Nuestro hotel, a unos treinta minutos de Sapa, nos ofrece exactamente lo contrario. Unas cuantas habitaciones en medio de los arrozales, una pequeña piscina y las montañas frente a nosotros. Inmediatamente comprendemos que podremos reducir un poco el ritmo. Bueno, salvo una actividad que rápidamente se volverá obsesiva: secar nuestra ropa. No hemos lavado nada desde el Ha Giang Loop y la humedad es tal que nada se seca. Nuestra habitación se va transformando poco a poco en una instalación de arte. Camisetas, calcetines y calzoncillos ocupan todos los ganchos, muebles y espacios disponibles. Probamos diferentes técnicas. Incluso el secador de pelo. Nada. Todo se queda húmedo y empieza a oler muy mal. A la señora de la limpieza le debe encantar entrar a nuestra casa. Todas las mañanas hacemos nuestros treinta minutos de saltar la cuerda frente a los arrozales. Todas las noches encontramos exactamente los mismos calcetines mojados.

Luego viene Gato Gato. Entrada de pago, tiendas, decoración, flores artificiales e instalaciones diseñadas para ser fotografiadas: nuestra impresión de “Sapaland” vuelve inmediatamente. El pueblo está muy bien equipado para los visitantes y es mucho menos auténtico de lo que imaginábamos. Lo que no quiere decir que sea desagradable. Las cascadas son hermosas, el paseo es bonito y, en última instancia, bien podríamos abrazar por completo el tema del día. Así que continuamos con el Rainbow Slide y luego con el Alpine Coaster. Dos minutos de descenso, luego dos más. Es breve, nada tradicional y nos divertimos como niños. Al menos aquí nadie afirma que vinimos buscando autenticidad.

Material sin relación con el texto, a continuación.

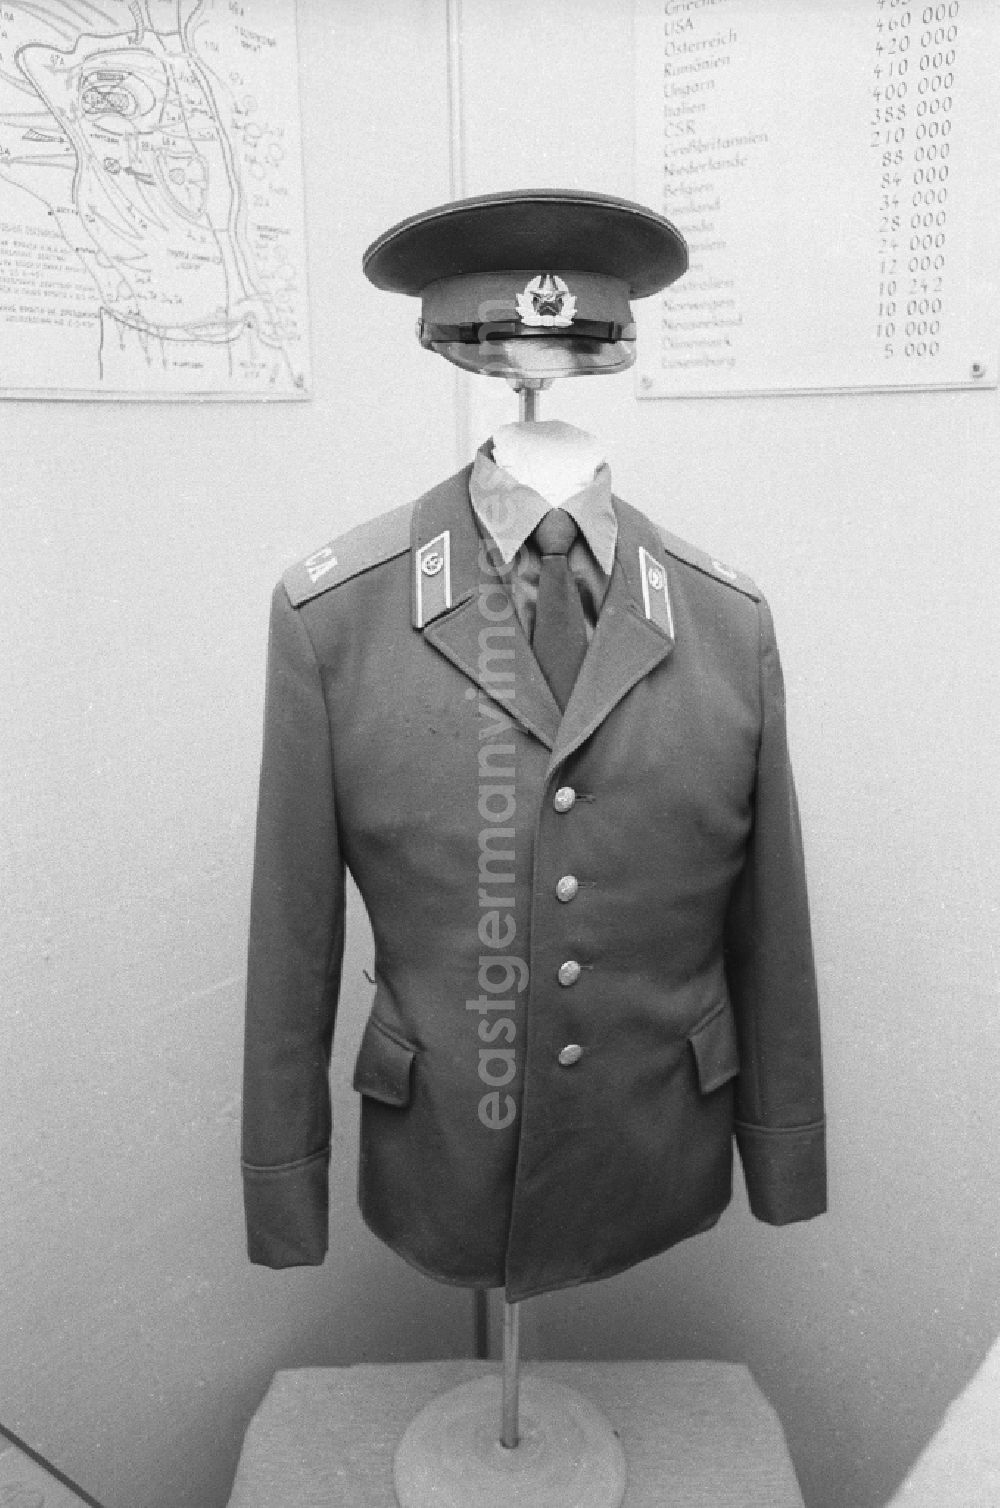 GDR picture archive: Berlin - Opening of the history cabinet of today's House of Liberation in Leninallee, today's Landsberger Allee 563 in the district Marzahn in Berlin, the former capital of the GDR, German Democratic Republic. Soviet or russian uniform of a soldier in the exhibition
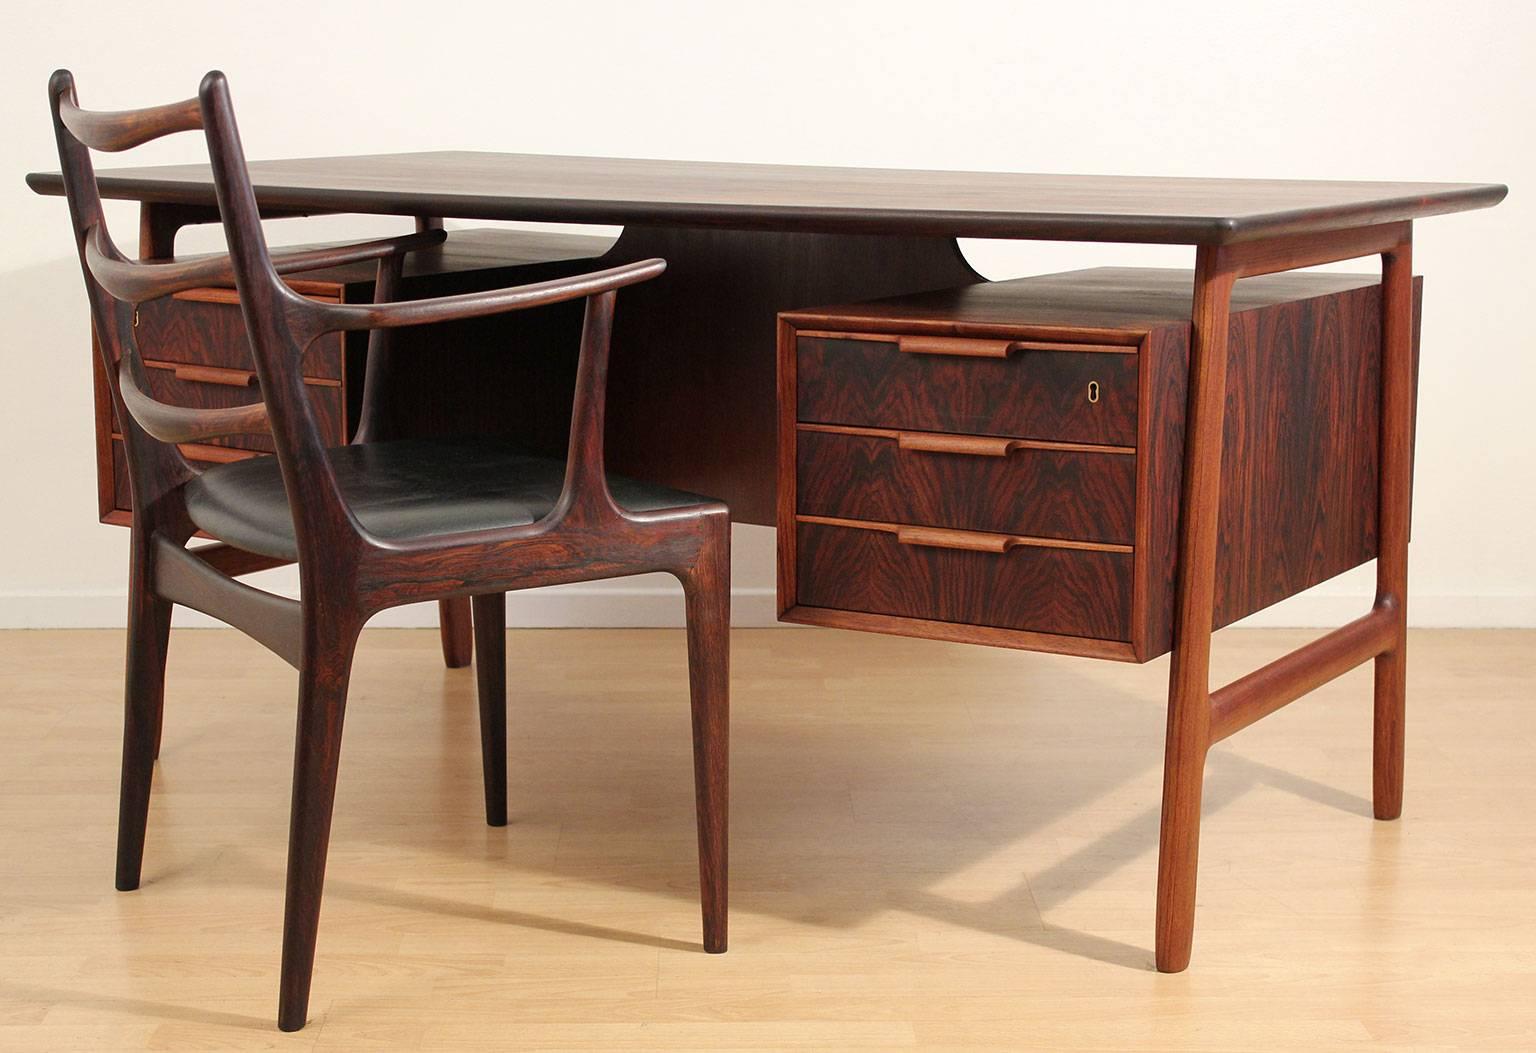 Excellent designed Danish rosewood executive desk and chair by Gunni Omann for Omann Juns Møbelfabrik, Denmark, circa 1960. Desk has the original key to lock the drawers. Has book shelves on the front of the desk with a center compartment. Wonderful

Al día siguiente, por fin queremos descubrir los arrozales a pie. Nuestro hotel ofrece un día con guía por por persona, incluyendo comidas y agua embotellada. Decidimos quedarnos con nuestros 68 dólares y marcharnos solos con un itinerario preparado por ChatGPT. Funciona… más o menos. Afortunadamente, existe otro método: cuando dudas, sigues a los grupos acompañado de guías reales. Cada vez que nos cruzamos con uno, no podemos evitar mirar a los demás viajeros y repetir nuestra pequeña frase: "Sí, pero aun así recibieron una botella de agua con su recorrido. » El chiste nos acompaña rápidamente durante todo el día. Caminamos bajo la lluvia, tomamos el camino equivocado, atravesamos descalzos pasajes inundados y la corta caminata termina acercándose a los veinte kilómetros. Los niños nos chocan los cinco antes de intentar vendernos pulseras. Las señoras mayores nos siguen unos metros con un argumento de venta muy eficaz: "¿De compras? ¿Compras? » Y por todas partes, en medio de los arrozales, los visitantes posan. Definitivamente Sapa nunca guardó completamente su cámara.

Luego, a media tarde, sale el sol. Y ahí todo cambia. Los arrozales aún húmedos reflejan la luz. Las terrazas dibujan curvas sobre las montañas y los verdes, hasta ahora aplastados por el cielo gris, aparecen uno tras otro. Regresamos al hotel sobre las 18.30 horas, después de casi veinte kilómetros, con los zapatos empapados y las piernas cansadas. El sol desciende sobre el valle. Nuestra ropa en el dormitorio probablemente siempre esté húmeda. Pero por una vez no nos importa en absoluto.

Entonces, ¿Sapa o Sapalandia? Un poco de ambos. Fansipan a veces nos daba la impresión de una montaña transformada en escenario. Cat Cat, la de un pueblo transformado en atracción. Y sin embargo, sólo hay que caminar unos kilómetros, perderse entre dos arrozales o esperar a que deje de llover para que todo esto desaparezca. Desde el inicio de nuestro viaje a Asia, hemos visto muchos campos de arroz. Los de Sapa siguen estando entre los más impresionantes. Quizás incluso porque eran tan deseados. Llegamos preguntándonos si las nubes iban a estropear Sapa. Al final, principalmente nos enseñaron a esperar a que se revelara.